WORK TO BE COMPLETED
Gather each line containing the string "wedding" from these entries.
[Opening RECORDS PROVIDED section]
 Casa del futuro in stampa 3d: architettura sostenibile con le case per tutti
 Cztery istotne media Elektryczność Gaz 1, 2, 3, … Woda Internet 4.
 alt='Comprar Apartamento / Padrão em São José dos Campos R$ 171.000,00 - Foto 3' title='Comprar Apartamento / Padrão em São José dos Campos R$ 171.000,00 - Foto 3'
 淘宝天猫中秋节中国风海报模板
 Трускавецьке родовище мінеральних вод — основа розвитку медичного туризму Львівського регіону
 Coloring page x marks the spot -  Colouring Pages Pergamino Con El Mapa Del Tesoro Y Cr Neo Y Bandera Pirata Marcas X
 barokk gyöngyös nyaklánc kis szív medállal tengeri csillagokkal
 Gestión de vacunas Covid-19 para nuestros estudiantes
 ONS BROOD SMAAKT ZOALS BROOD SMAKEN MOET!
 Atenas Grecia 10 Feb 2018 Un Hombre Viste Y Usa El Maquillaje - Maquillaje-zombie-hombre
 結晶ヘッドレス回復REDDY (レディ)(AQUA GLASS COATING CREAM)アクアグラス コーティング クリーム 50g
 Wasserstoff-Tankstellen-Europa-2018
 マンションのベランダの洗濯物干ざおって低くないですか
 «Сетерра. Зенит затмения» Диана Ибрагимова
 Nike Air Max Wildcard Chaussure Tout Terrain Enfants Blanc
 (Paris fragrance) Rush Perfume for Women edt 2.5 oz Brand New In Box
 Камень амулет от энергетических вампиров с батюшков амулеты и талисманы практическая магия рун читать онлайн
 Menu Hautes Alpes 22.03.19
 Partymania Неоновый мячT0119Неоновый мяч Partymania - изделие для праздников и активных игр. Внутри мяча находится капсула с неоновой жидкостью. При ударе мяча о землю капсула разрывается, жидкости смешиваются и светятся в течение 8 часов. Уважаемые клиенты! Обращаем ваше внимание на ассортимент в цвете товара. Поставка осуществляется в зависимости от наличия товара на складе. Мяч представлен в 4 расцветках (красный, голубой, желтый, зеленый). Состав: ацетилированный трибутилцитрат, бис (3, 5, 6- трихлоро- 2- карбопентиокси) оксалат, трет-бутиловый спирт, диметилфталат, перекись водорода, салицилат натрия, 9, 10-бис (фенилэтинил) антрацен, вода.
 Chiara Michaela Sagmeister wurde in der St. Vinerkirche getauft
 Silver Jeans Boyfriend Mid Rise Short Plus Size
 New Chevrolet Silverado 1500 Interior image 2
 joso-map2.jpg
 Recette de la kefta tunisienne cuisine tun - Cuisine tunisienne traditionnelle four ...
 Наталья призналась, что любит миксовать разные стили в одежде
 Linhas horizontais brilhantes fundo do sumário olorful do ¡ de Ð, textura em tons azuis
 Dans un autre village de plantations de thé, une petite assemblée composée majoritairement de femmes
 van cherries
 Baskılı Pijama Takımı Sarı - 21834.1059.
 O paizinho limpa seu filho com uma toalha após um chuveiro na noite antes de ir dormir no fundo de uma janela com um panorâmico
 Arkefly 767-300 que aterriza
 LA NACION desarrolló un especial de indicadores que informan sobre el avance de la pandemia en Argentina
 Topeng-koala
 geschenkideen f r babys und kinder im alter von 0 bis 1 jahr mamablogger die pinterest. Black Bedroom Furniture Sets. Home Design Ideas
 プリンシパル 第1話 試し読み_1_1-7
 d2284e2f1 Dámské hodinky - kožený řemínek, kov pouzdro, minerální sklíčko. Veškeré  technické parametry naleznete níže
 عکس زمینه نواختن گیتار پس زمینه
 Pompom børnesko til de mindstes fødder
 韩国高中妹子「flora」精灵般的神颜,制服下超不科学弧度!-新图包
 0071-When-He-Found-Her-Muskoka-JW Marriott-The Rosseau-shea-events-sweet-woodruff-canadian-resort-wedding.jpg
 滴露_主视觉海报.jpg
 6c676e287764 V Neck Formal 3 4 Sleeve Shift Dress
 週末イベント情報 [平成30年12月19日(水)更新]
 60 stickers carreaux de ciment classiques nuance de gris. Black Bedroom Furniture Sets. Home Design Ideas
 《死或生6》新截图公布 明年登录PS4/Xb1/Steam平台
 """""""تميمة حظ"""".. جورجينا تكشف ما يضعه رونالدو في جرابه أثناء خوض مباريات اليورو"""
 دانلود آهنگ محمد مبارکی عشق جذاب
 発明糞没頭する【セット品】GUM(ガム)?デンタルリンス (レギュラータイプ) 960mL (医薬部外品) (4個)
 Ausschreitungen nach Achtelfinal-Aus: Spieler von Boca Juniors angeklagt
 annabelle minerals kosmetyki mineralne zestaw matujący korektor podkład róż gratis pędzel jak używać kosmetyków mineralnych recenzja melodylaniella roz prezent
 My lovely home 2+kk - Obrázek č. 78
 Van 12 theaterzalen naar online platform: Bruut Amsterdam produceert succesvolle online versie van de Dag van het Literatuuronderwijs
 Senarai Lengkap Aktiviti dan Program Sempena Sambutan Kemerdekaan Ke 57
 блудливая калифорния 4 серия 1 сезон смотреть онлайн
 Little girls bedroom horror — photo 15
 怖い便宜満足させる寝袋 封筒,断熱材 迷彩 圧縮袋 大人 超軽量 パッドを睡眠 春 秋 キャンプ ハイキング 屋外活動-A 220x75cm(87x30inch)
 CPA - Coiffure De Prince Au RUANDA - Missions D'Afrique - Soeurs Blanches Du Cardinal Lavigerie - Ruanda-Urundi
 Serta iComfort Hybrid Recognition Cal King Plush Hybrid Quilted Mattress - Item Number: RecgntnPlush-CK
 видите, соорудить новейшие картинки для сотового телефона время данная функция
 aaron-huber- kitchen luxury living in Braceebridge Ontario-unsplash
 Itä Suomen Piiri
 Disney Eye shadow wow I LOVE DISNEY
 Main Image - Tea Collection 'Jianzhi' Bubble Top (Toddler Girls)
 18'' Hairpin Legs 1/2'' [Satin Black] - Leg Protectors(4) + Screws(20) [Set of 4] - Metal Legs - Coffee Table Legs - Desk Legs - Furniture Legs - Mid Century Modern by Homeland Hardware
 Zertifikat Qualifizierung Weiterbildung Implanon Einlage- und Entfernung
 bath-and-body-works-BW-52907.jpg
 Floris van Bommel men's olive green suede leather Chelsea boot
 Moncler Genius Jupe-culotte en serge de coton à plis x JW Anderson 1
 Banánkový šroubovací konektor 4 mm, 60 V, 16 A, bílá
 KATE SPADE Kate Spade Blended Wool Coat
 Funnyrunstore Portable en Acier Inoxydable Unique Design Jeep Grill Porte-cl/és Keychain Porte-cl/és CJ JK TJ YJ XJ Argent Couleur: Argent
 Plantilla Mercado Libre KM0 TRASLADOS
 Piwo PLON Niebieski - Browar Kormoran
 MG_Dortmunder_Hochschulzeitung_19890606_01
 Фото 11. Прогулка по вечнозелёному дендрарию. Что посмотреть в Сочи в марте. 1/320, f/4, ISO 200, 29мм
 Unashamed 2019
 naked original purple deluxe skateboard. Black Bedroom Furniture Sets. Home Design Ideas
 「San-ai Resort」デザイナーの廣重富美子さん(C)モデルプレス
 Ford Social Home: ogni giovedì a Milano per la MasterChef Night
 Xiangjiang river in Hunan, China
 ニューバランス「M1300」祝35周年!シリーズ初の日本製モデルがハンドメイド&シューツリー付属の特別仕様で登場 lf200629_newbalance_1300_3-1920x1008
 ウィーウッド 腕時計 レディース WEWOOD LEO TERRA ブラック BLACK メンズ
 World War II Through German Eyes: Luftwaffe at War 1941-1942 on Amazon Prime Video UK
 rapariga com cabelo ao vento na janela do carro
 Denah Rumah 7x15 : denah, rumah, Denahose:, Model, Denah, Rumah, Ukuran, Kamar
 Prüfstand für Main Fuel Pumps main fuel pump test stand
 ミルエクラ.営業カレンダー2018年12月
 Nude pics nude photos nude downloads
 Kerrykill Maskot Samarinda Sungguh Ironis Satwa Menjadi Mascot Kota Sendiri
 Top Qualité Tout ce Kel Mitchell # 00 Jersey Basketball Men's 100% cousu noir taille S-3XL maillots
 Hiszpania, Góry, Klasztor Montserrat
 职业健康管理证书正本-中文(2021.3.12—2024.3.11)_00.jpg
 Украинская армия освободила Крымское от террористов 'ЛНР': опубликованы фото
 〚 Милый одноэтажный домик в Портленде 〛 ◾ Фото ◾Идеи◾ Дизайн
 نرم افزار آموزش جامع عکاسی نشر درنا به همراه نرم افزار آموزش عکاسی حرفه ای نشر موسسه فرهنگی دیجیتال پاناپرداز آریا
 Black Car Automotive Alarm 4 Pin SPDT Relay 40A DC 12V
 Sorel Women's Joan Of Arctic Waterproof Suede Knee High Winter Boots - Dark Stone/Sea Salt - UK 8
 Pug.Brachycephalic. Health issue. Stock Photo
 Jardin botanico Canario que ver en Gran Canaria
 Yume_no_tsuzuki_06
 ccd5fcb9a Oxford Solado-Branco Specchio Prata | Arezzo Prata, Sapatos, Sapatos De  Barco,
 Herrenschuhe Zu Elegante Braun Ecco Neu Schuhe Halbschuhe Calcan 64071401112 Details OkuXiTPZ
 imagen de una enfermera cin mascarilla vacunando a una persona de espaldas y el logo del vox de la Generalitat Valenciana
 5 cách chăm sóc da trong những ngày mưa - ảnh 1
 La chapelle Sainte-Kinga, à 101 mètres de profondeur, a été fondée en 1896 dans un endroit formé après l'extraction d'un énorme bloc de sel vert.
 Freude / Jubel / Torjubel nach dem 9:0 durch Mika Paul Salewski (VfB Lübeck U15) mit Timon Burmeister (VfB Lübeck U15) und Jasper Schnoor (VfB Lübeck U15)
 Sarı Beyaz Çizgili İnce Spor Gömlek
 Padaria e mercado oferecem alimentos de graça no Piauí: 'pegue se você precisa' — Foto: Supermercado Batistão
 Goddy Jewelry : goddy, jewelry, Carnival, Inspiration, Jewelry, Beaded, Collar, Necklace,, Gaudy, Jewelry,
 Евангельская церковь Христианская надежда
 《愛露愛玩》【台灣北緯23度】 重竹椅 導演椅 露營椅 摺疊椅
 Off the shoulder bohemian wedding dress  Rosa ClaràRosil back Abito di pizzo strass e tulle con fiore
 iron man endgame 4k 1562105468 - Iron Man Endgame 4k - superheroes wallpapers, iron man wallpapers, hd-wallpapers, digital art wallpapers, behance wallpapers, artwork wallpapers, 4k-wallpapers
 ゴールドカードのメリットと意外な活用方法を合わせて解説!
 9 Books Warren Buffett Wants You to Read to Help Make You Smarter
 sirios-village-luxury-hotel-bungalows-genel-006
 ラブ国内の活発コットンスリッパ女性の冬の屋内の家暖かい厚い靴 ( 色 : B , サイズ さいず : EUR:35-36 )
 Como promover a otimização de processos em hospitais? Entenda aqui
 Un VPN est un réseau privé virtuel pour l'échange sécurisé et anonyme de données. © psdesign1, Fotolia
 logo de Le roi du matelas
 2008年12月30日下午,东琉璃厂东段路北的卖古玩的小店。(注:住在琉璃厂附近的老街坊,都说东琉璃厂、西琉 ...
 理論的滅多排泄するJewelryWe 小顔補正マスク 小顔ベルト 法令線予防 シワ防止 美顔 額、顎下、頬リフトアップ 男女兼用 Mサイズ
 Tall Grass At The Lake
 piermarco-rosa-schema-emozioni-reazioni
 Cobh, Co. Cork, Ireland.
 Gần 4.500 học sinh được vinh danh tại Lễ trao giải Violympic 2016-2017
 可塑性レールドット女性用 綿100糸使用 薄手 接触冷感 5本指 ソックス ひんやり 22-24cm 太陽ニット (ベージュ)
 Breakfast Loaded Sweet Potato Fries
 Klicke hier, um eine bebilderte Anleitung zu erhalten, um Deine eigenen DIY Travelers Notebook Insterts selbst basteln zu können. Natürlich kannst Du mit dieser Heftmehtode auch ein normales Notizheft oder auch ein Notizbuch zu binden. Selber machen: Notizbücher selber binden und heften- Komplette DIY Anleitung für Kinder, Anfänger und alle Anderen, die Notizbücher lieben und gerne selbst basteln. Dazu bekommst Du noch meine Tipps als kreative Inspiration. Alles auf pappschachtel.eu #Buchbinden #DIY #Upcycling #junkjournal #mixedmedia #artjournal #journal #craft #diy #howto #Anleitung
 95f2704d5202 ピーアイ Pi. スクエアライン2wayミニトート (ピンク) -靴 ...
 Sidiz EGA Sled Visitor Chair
[Closing RECORDS PROVIDED section]
OUTPUT
 0071-When-He-Found-Her-Muskoka-JW Marriott-The Rosseau-shea-events-sweet-woodruff-canadian-resort-wedding.jpg
 Off the shoulder bohemian wedding dress  Rosa ClaràRosil back Abito di pizzo strass e tulle con fiore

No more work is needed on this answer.